**ASSIGNMENT:** Would you please return the data below verbatim, without its pictures?

**INFORMATION PROVIDED:**

....

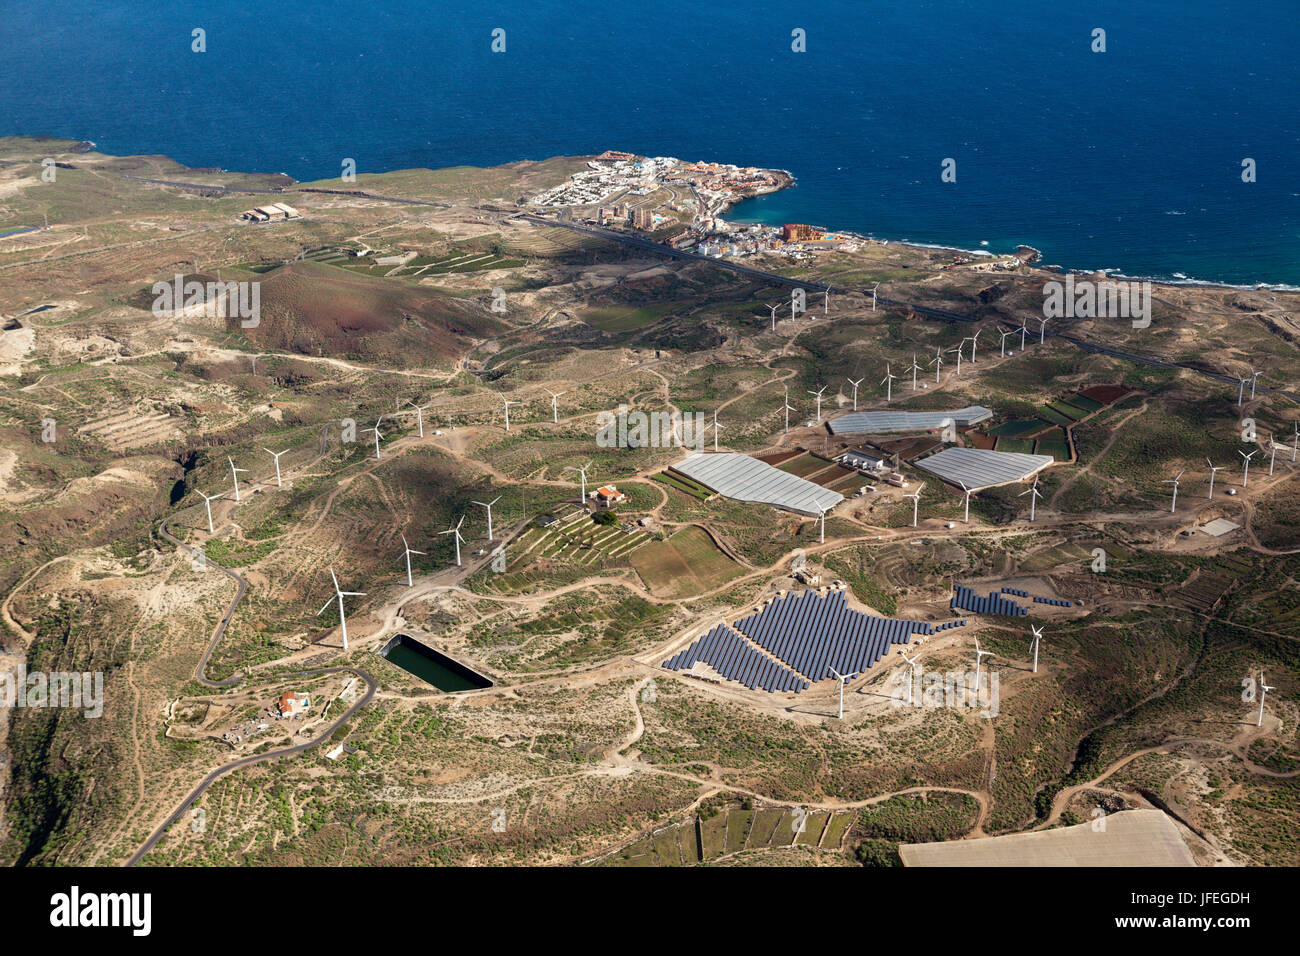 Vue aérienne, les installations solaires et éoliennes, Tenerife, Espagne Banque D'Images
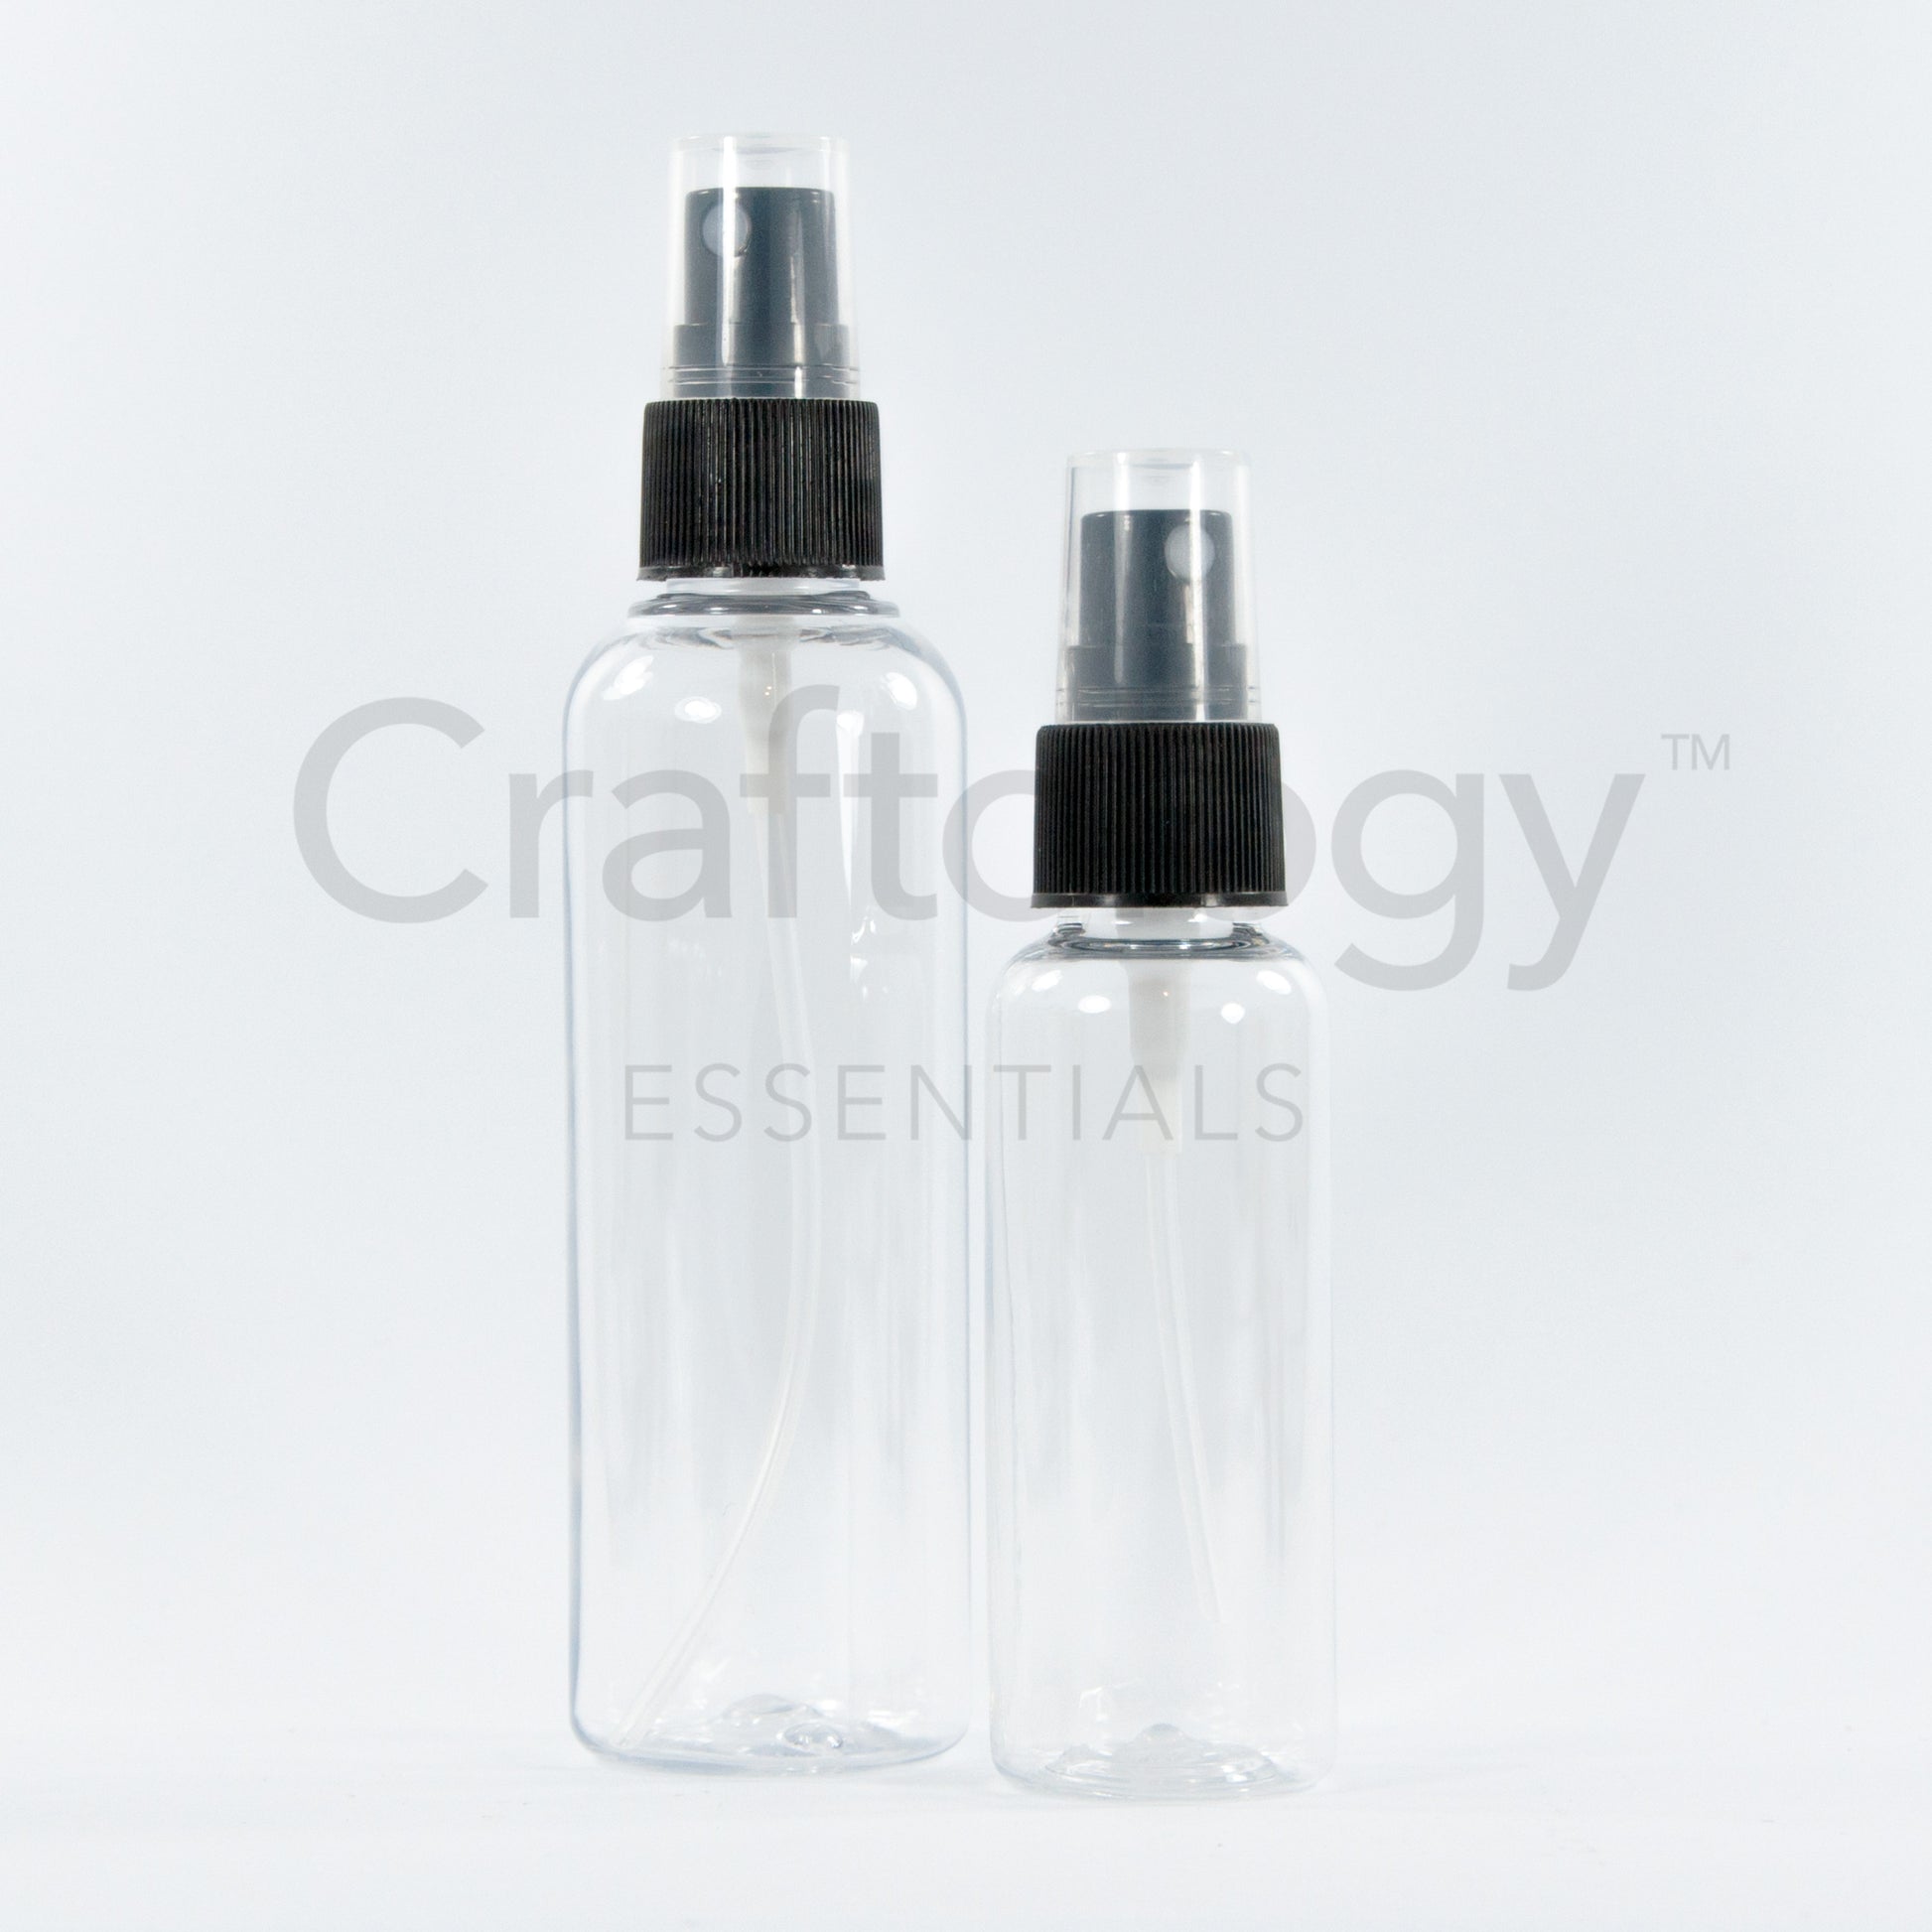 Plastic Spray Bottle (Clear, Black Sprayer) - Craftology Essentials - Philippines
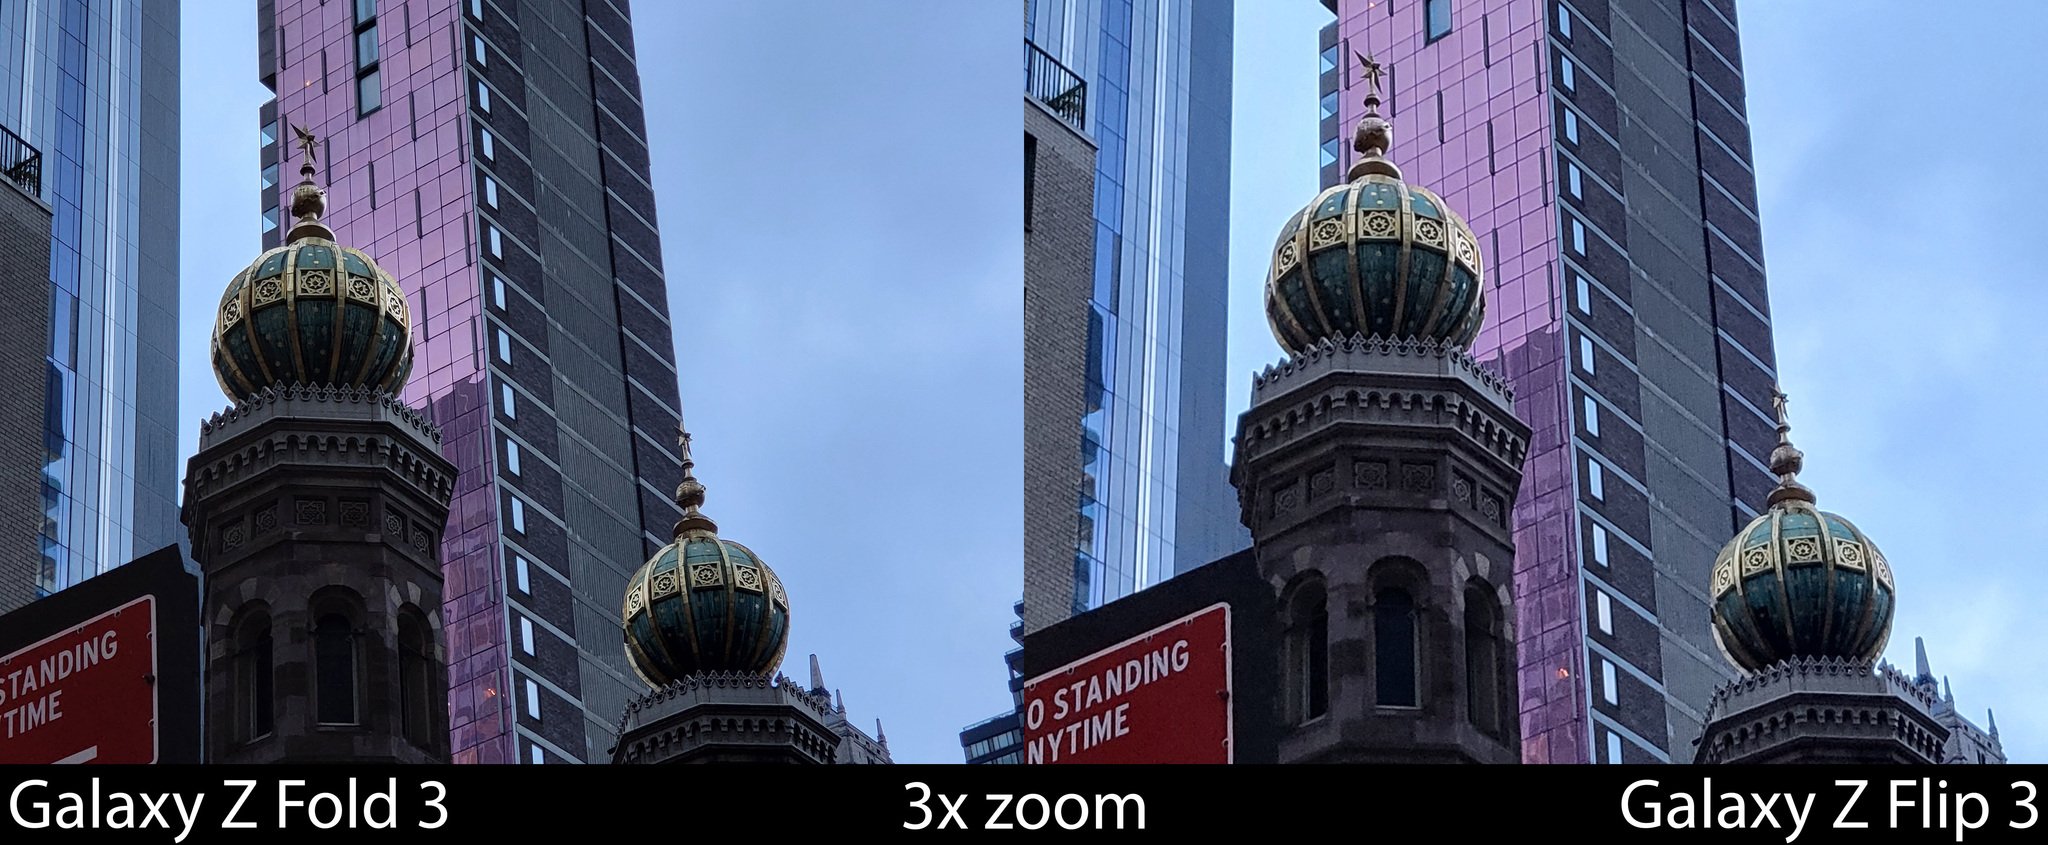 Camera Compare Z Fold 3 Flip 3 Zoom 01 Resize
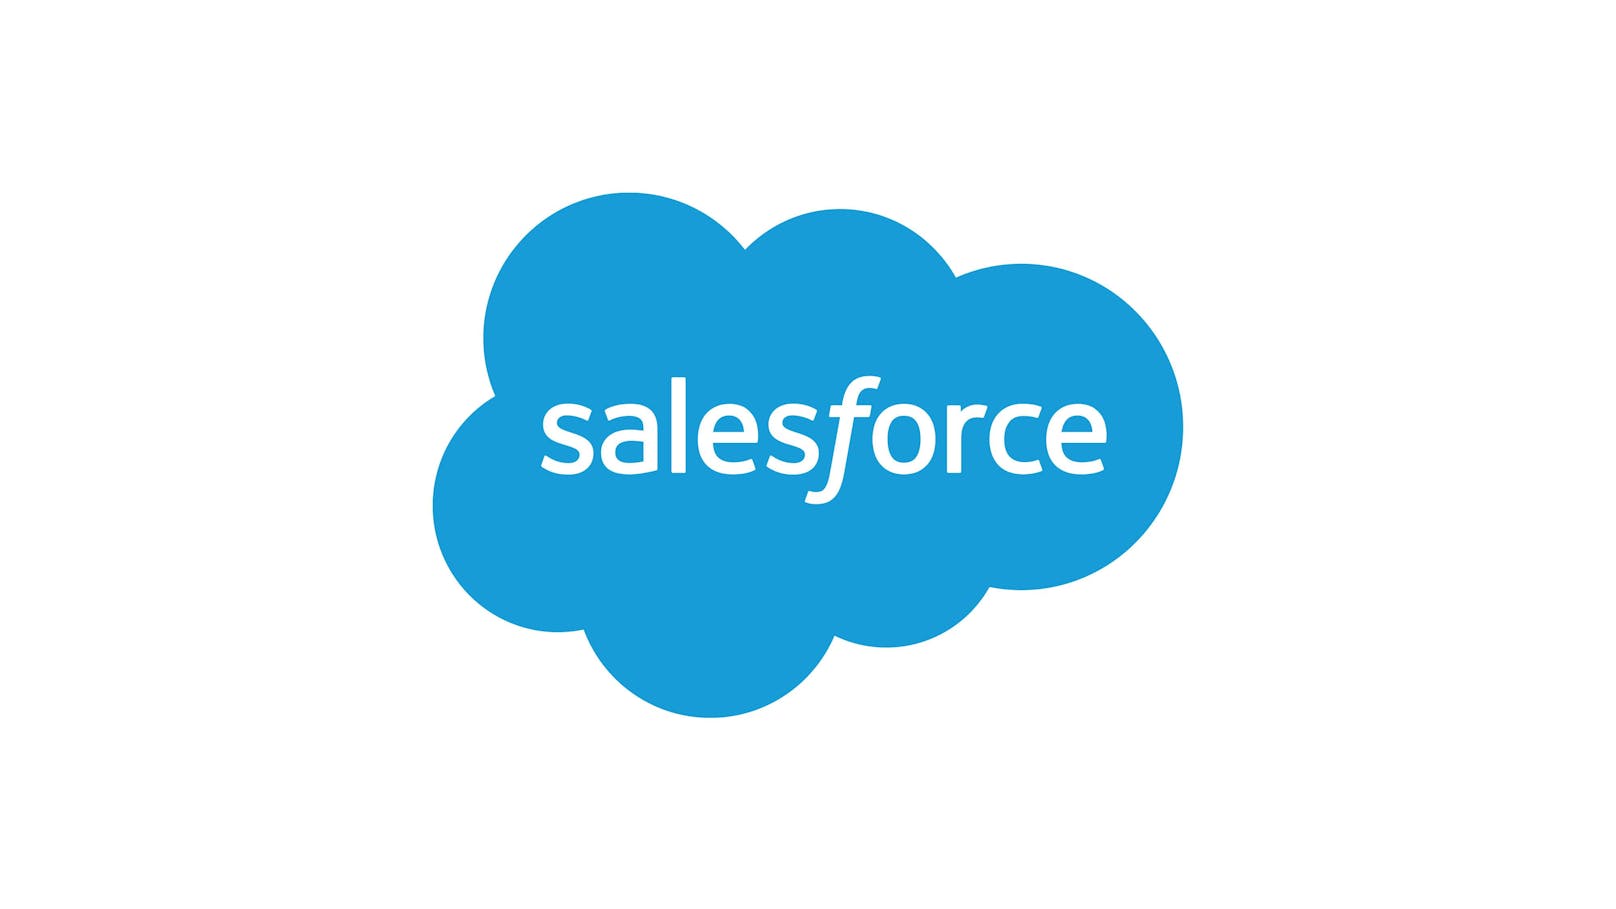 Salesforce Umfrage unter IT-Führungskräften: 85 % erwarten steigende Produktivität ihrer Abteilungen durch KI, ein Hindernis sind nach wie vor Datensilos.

....

**EXERCISE RESPONSE:**
 Vue aérienne, les installations solaires et éoliennes, Tenerife, Espagne Banque D'Images
 Plastic Spray Bottle (Clear, Black Sprayer) - Craftology Essentials - Philippines
 Camera Compare Z Fold 3 Flip 3 Zoom 01 Resize
 Salesforce Umfrage unter IT-Führungskräften: 85 % erwarten steigende Produktivität ihrer Abteilungen durch KI, ein Hindernis sind nach wie vor Datensilos.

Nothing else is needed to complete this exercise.